Friday, October 26, 2007

Guilty untill proven innocent?

We are a complex social system. A highly complex social system based on myriad laws and rules established as civilization progressed. To live within those rules is what we know as civilized and to live outside them...well you are an outlaw. The concept of mass justice to an extent is fair enough. While, as per religion, everyone gets punished for their sins after life, the problem is that is like waiting for too long, and we need to punish people right here to ensure that they don't do any more wrong thing.

But I have always been confused about how we decide what is right and what is wrong. WE all have moral standards, but the fact is that my moral standards and my standards for what should be doable are different from what your would be.
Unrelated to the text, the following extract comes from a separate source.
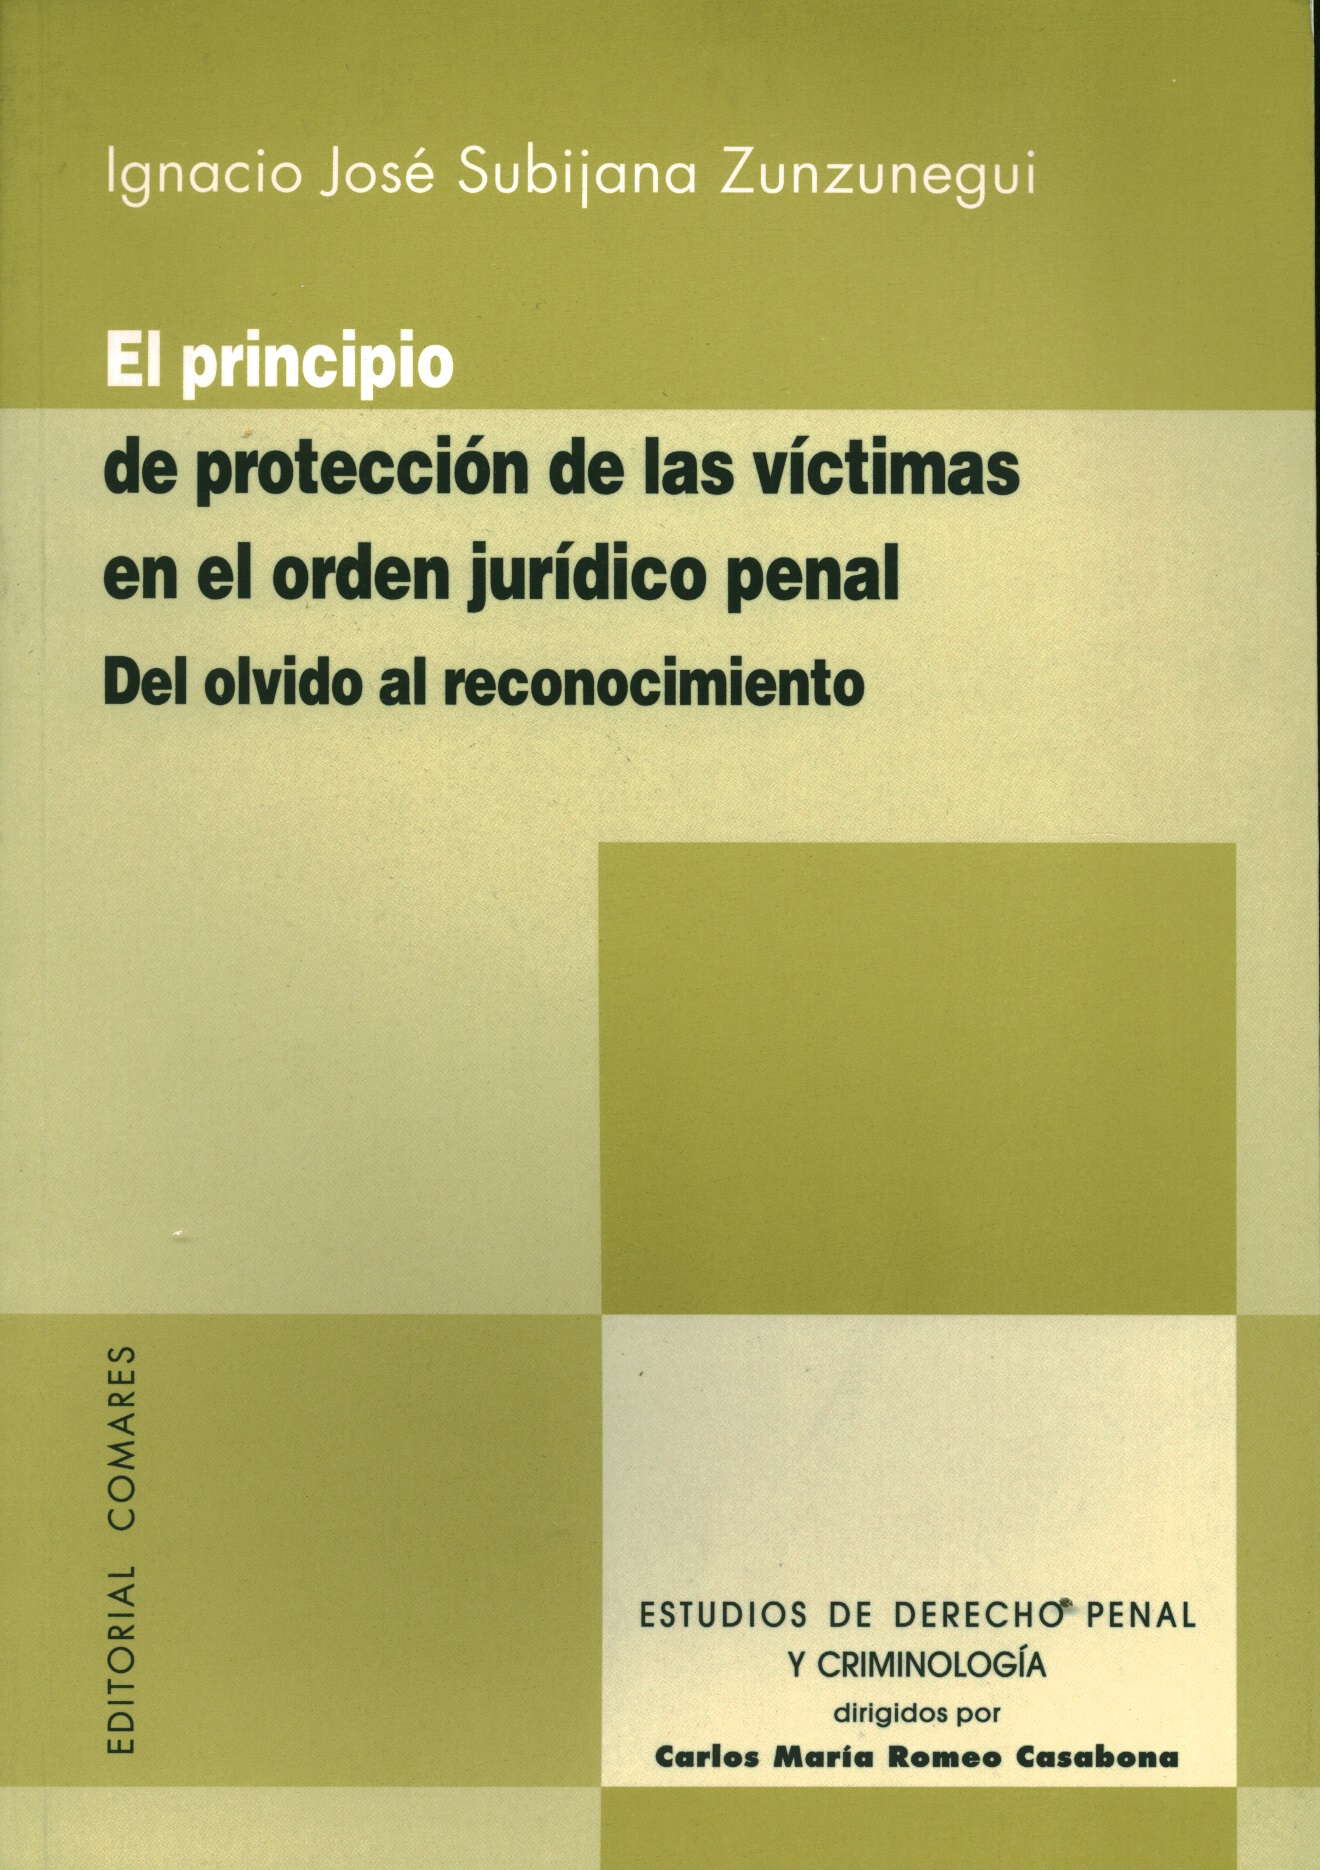 El principio de protección de las víctimas en el orden jurídico penal. El olvido al reconocimiento

We have somehow come to an agreement over what some really wrong things would be and thus have a legal system to punish those whom we think are in the wrong, like murderers, rapists, gangsters etc.
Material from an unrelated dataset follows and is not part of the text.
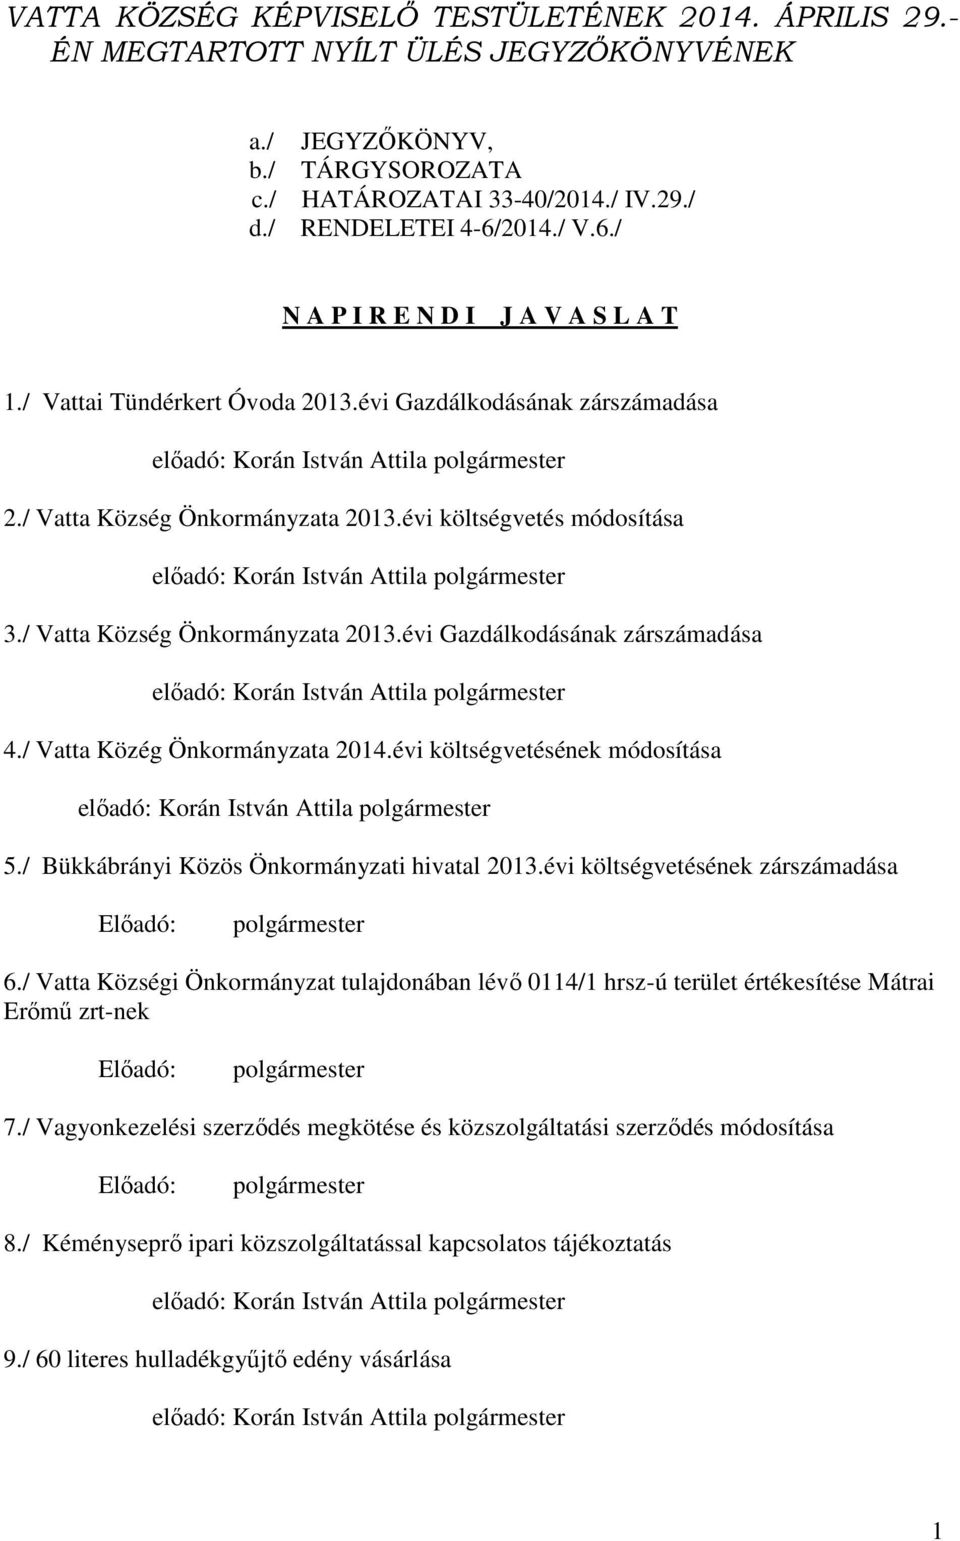 / Vatta Község Önkormányzata 2013.évi Gazdálkodásának zárszámadása 4./ Vatta Közég Önkormányzata 2014.évi költségvetésének módosítása 5./ Bükkábrányi Közös Önkormányzati hivatal 2013.

The question arises, how do we really know we are in the right? and what happens when someone innocent gets mistakenly punished?

http://www.cnn.com/2007/US/law/10/25/innocence.project/index.html

I can not imagine the anguish of this person. I can not imagine the anguish of so many other faceless and nameless men languishing in prisons across the world (now that am writing this TADA comes to mind). It is hard to imagine what a person might go through when they know they are innocent but the world is hell bent on proving them guilty. It is hard to imagine the helplessness & the feeling of betrayal.

This question has always lingered in my mind. What if the world is plotting against you? What if tomorrow, everyone you know wants to prove that you are mentally unstable...it wouldn't be that hard if 20 people are keen on it. There are ways to do that, aren't there? How would you save yourself? How would you protect your individual right to have a normal and fulfilling life? Freedom, what does it mean anyway? Are we really free? No, freedom is restricted to what the society thinks free should be. Maybe we have given too much power to the society and are forgetting that a human being alone is also an entity in itself. Every system has loopholes, but some just have too big of a personal cost to the people concerned.